• **Assignment**
A picture-free, exact reproduction of the listing that follows is required.

• **The data**
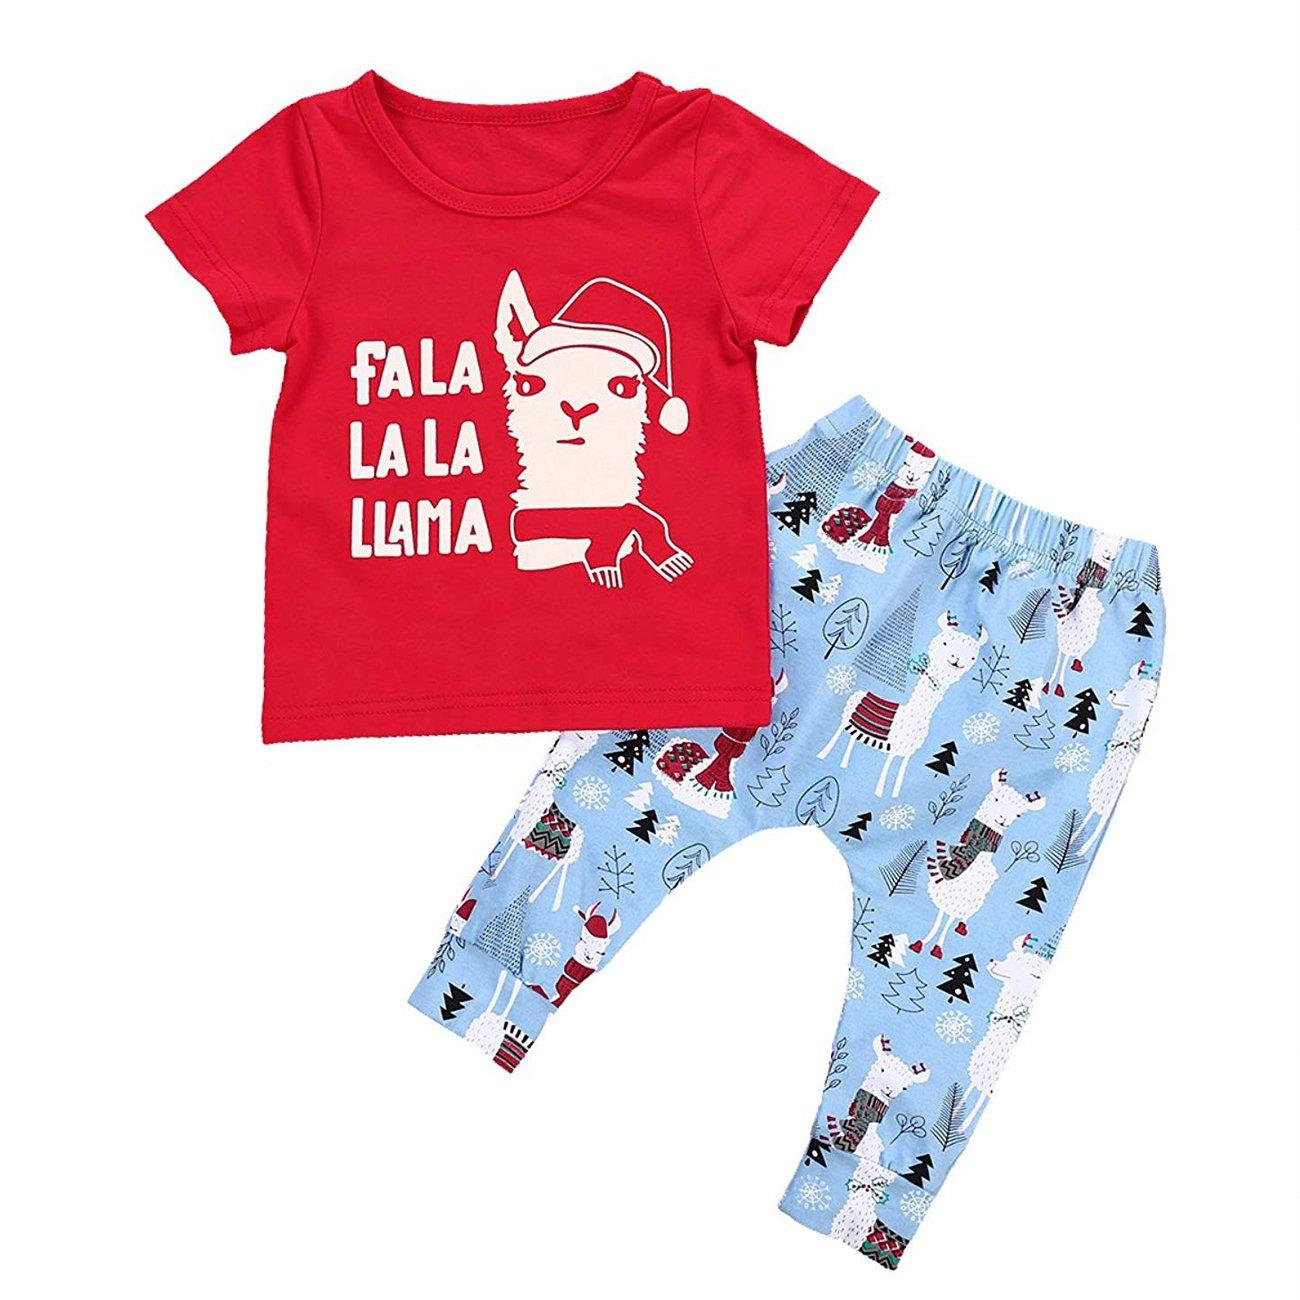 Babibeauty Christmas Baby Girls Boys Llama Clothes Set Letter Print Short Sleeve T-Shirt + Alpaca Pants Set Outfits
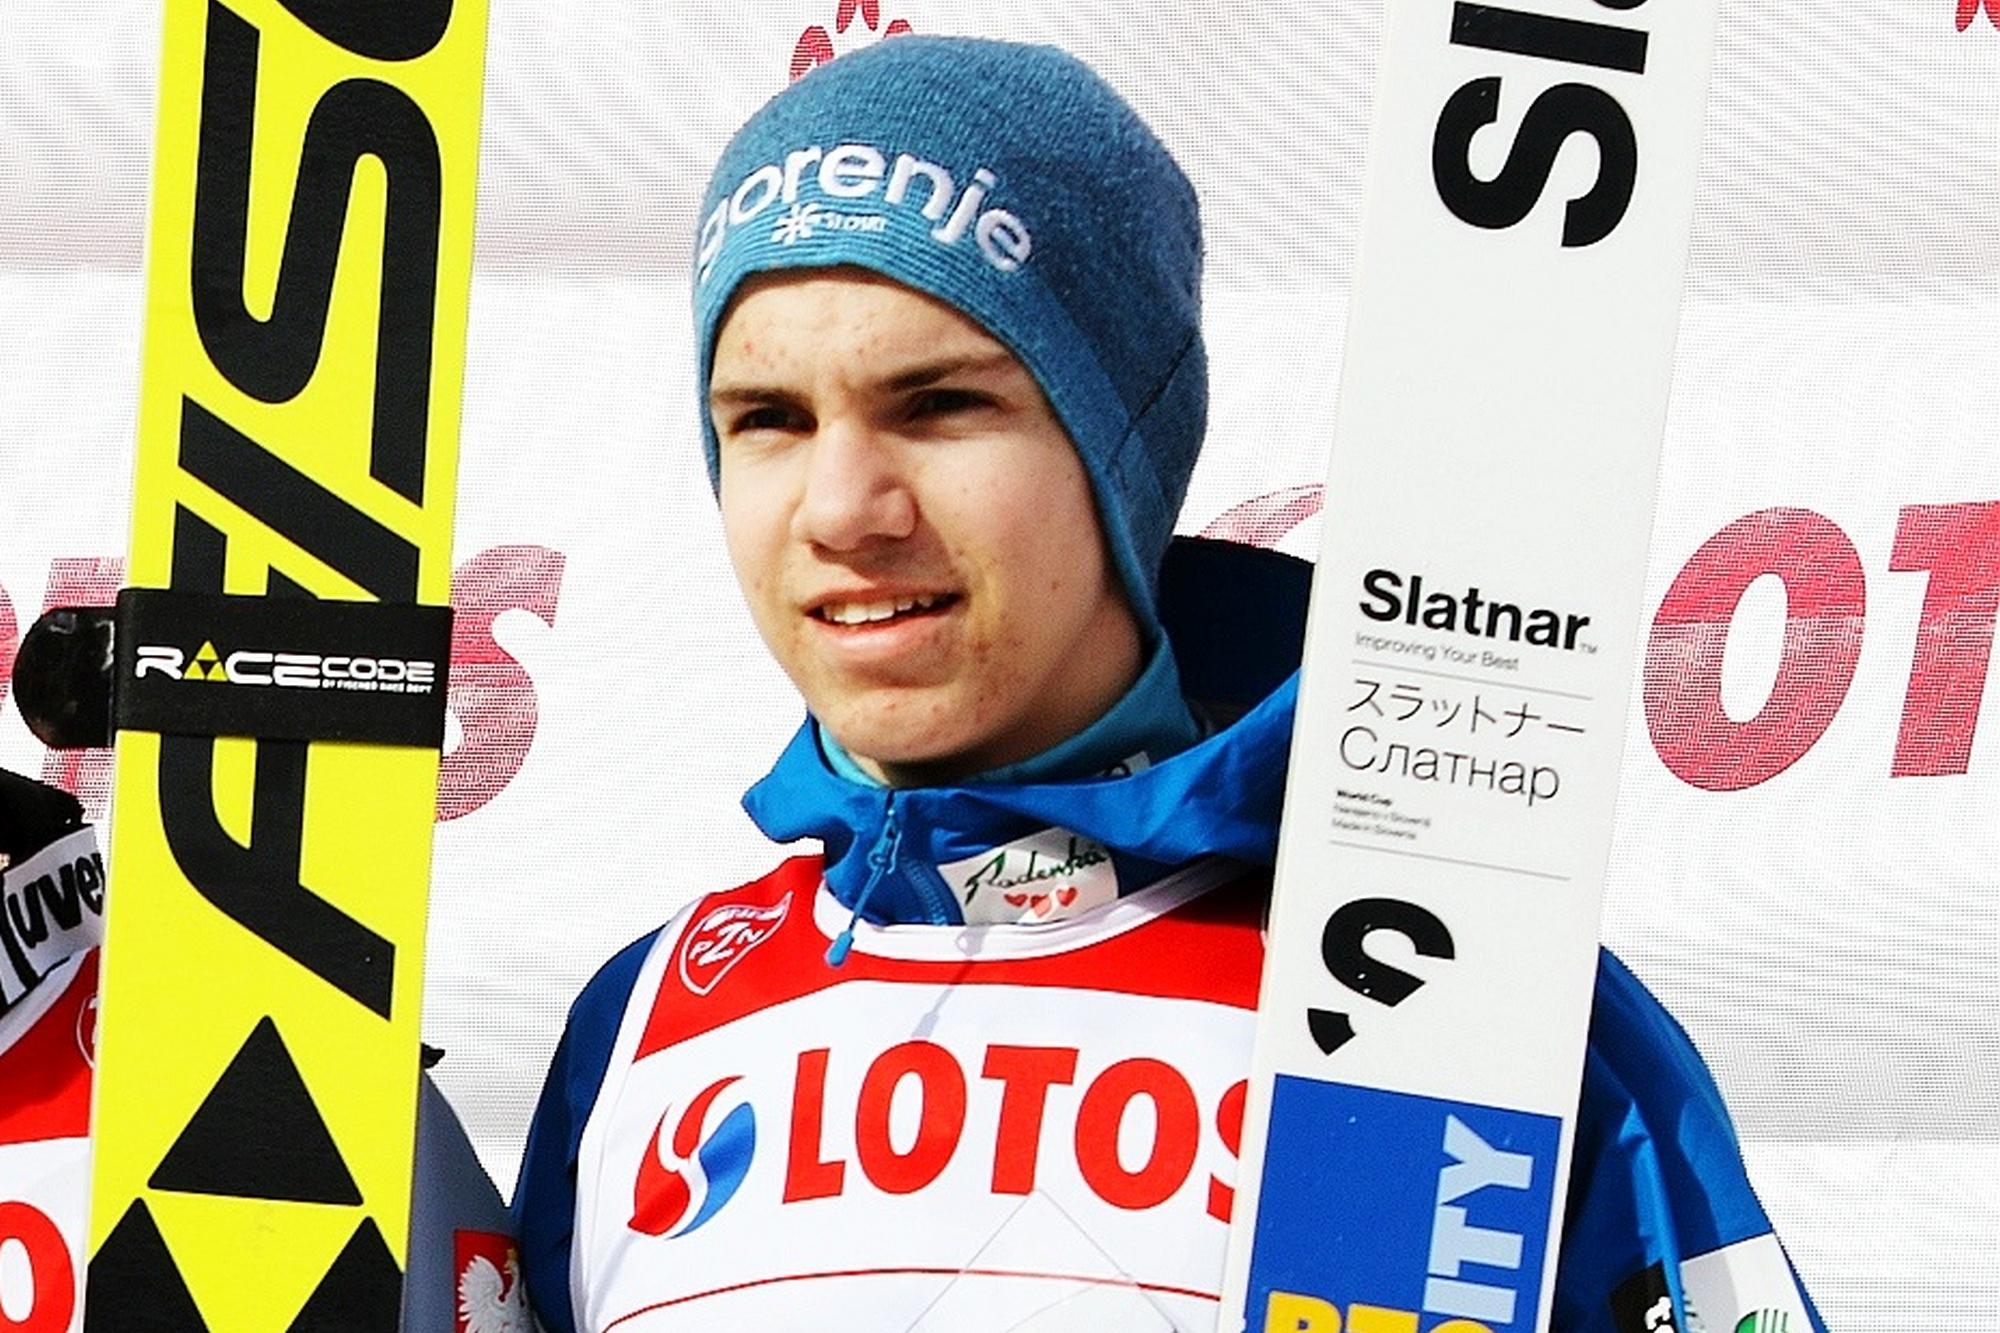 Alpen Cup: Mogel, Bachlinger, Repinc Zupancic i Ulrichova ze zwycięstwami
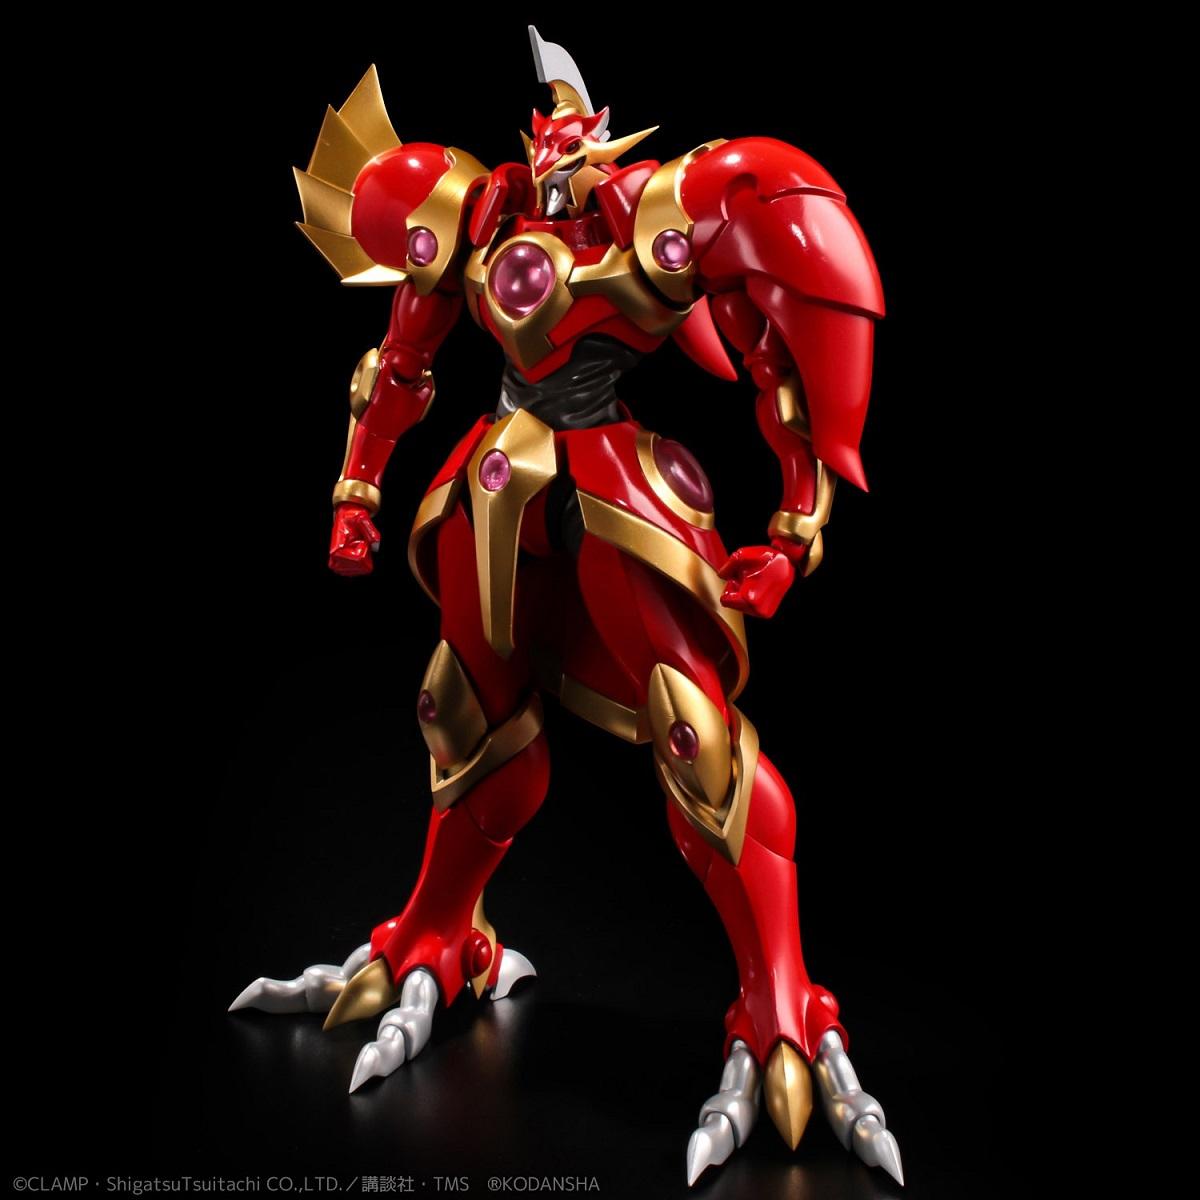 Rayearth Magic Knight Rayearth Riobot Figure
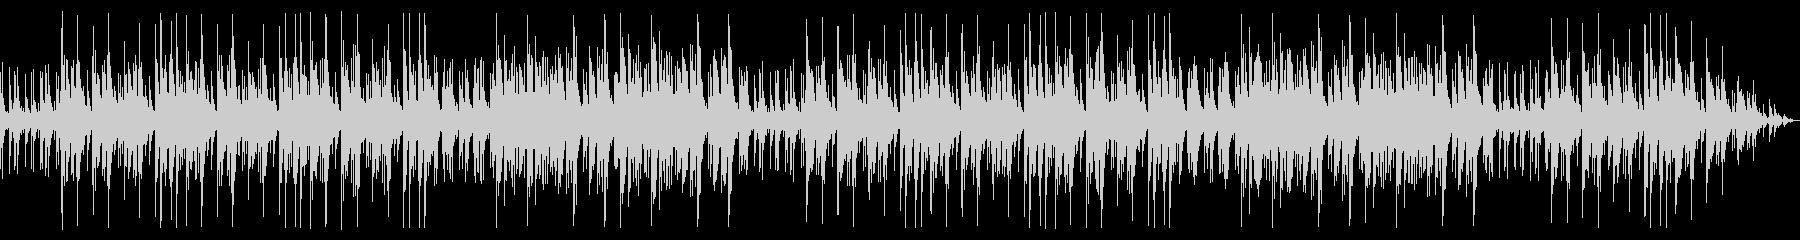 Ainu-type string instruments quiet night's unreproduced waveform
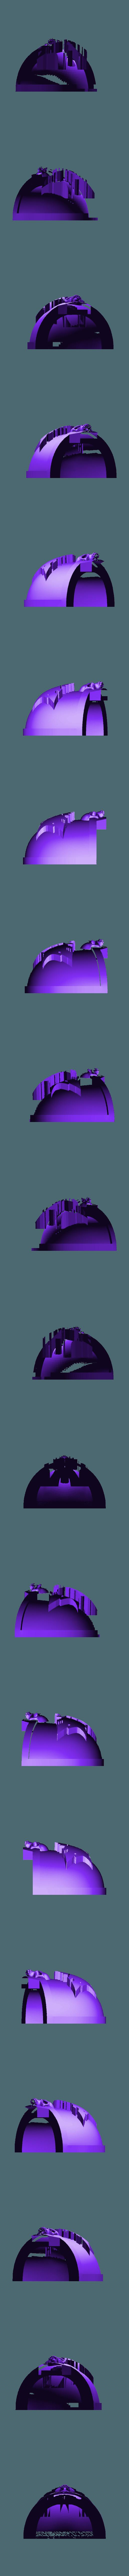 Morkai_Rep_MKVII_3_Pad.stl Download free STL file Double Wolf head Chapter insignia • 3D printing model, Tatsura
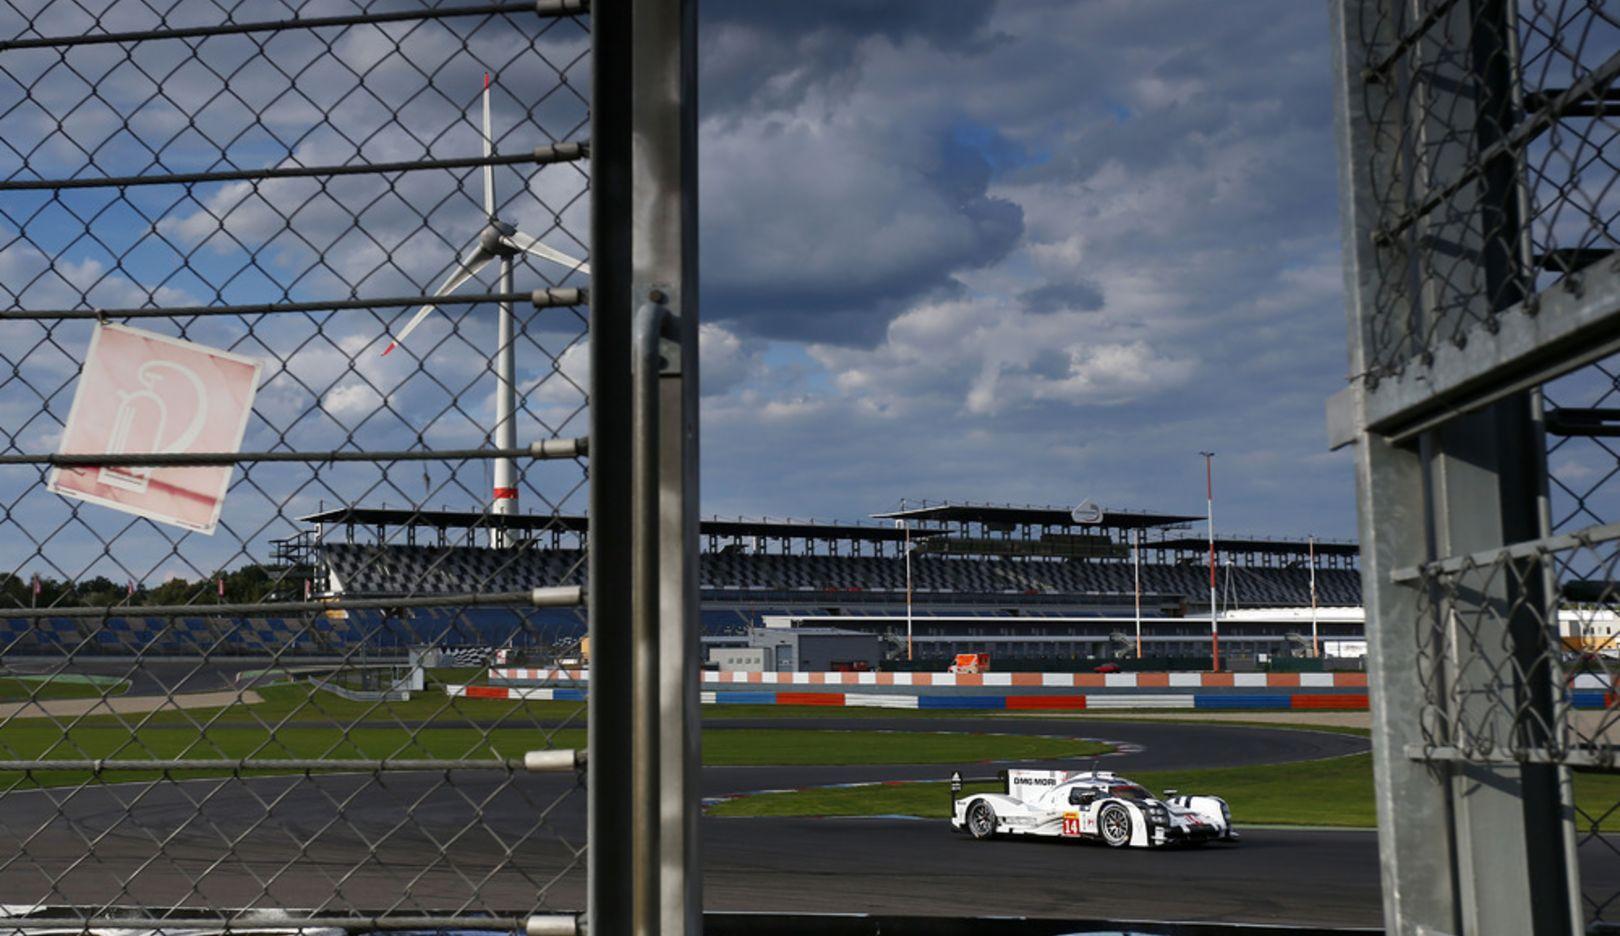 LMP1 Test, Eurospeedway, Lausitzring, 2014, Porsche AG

• **Answer to the exercise**
 Babibeauty Christmas Baby Girls Boys Llama Clothes Set Letter Print Short Sleeve T-Shirt + Alpaca Pants Set Outfits
 Alpen Cup: Mogel, Bachlinger, Repinc Zupancic i Ulrichova ze zwycięstwami
 Rayearth Magic Knight Rayearth Riobot Figure
 Ainu-type string instruments quiet night's unreproduced waveform
 Morkai_Rep_MKVII_3_Pad.stl Download free STL file Double Wolf head Chapter insignia • 3D printing model, Tatsura
 LMP1 Test, Eurospeedway, Lausitzring, 2014, Porsche AG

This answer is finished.